I recently learned about a computer demonstration dubbed “The Mother of All Demos” given 40 years ago by Douglas Engelbart at the Fall Joint Computer Conference in San Francisco. Douglas showed off the NLS computer to a crowd of 1000 computer pros. The demo of this system given on December 9, 1968 is now considered one of the most important in modern computing history.
“[Douglas Engelbart] wanted to turn Vannevar Bush‘s idea for a Memex machine into reality, where a machine used interactively by one person could “Augment” their intelligence. Over the course of six years, with the funding help of both NASA and ARPA, his team went about putting together all the elements that would make such a computer system a reality.”
The NLS demo was groundbreaking in that it showed how a computer mouse, video conferencing, word processing, dynamic file linking, revision control, and collaborative editing could be used from a single workstation.

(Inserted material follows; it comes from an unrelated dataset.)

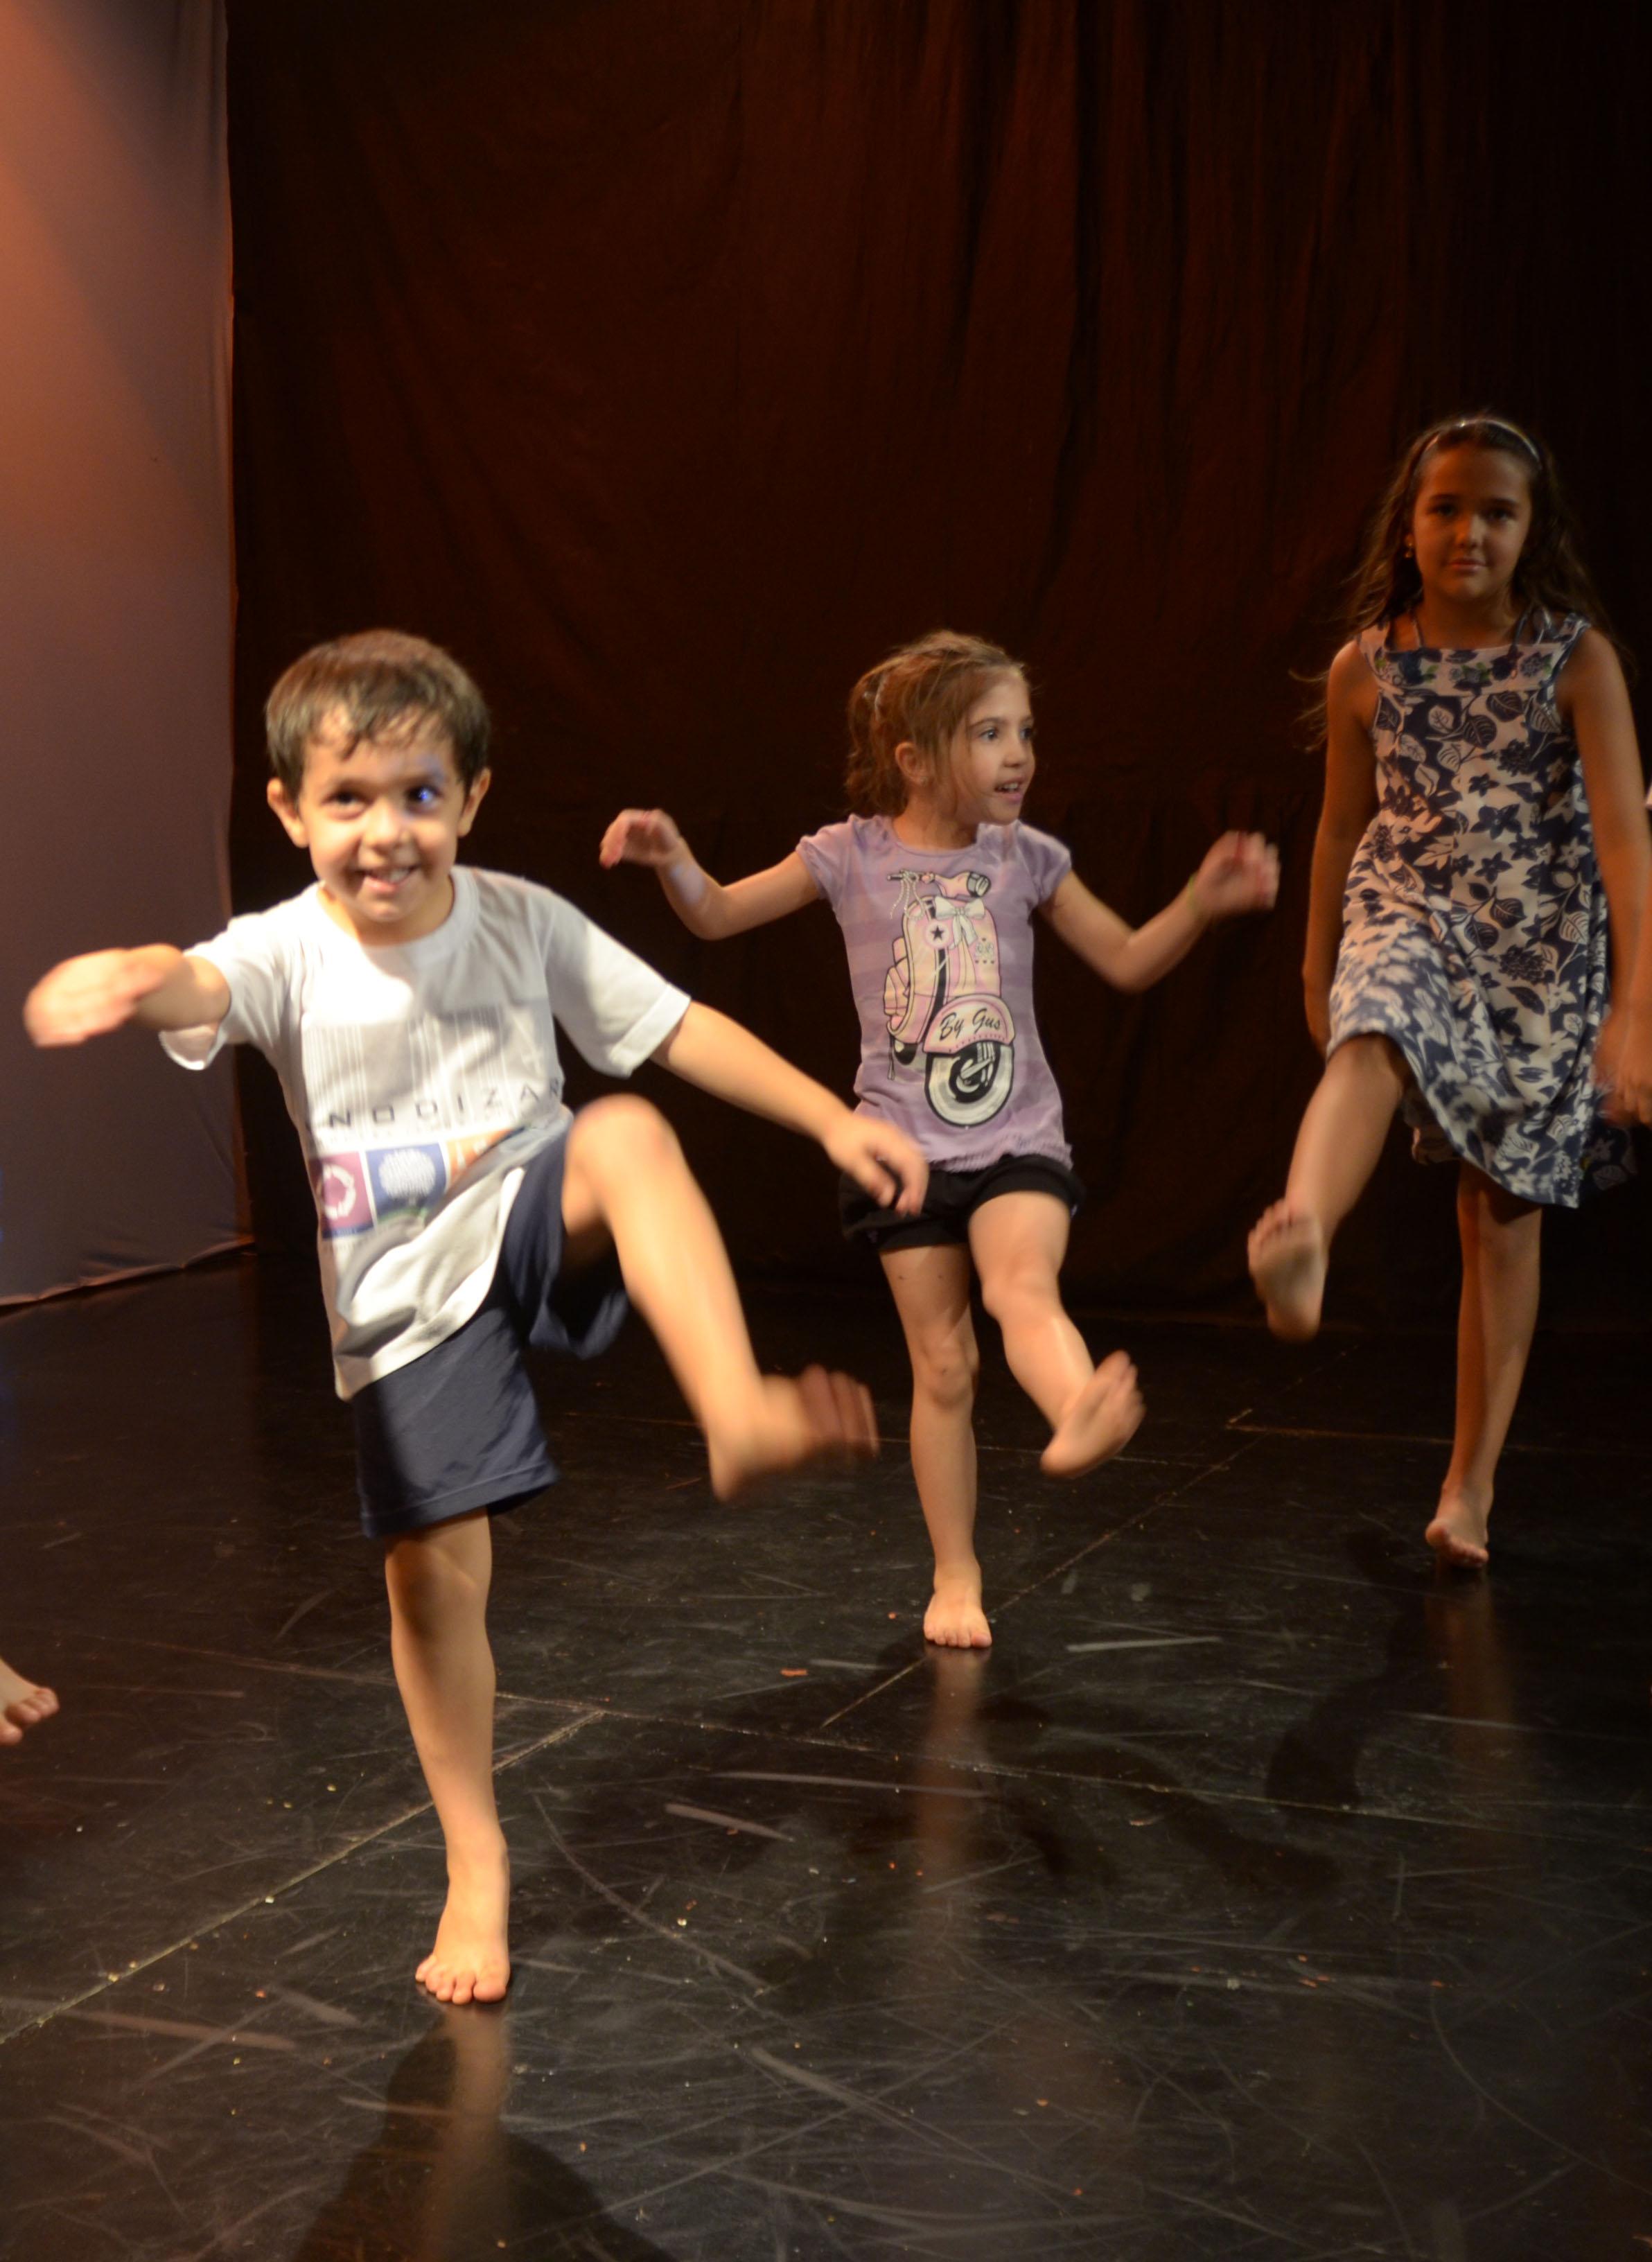 36d38825d4 Vivência musical e corporal aprendendo a tocar e dançar, relacionando som e  movimento.

These concepts helped define the way we interact with computers and paved the way for the personal computer revolution. Another thing to keep in mind, NLS was made possible by funding from NASA, ARPA, and the U.S. Air Force during a period when ARPA was also building ARPANET, the foundation of the Internet.
As history would have it, some of the demo attendees and NLS system designers ended up working at Xerox PARC and created the Alto. The Alto leads us down an entirely different rabbit hole involving Apple Computer, Sun Microsystems, and Microsoft…but that’s a story for another time.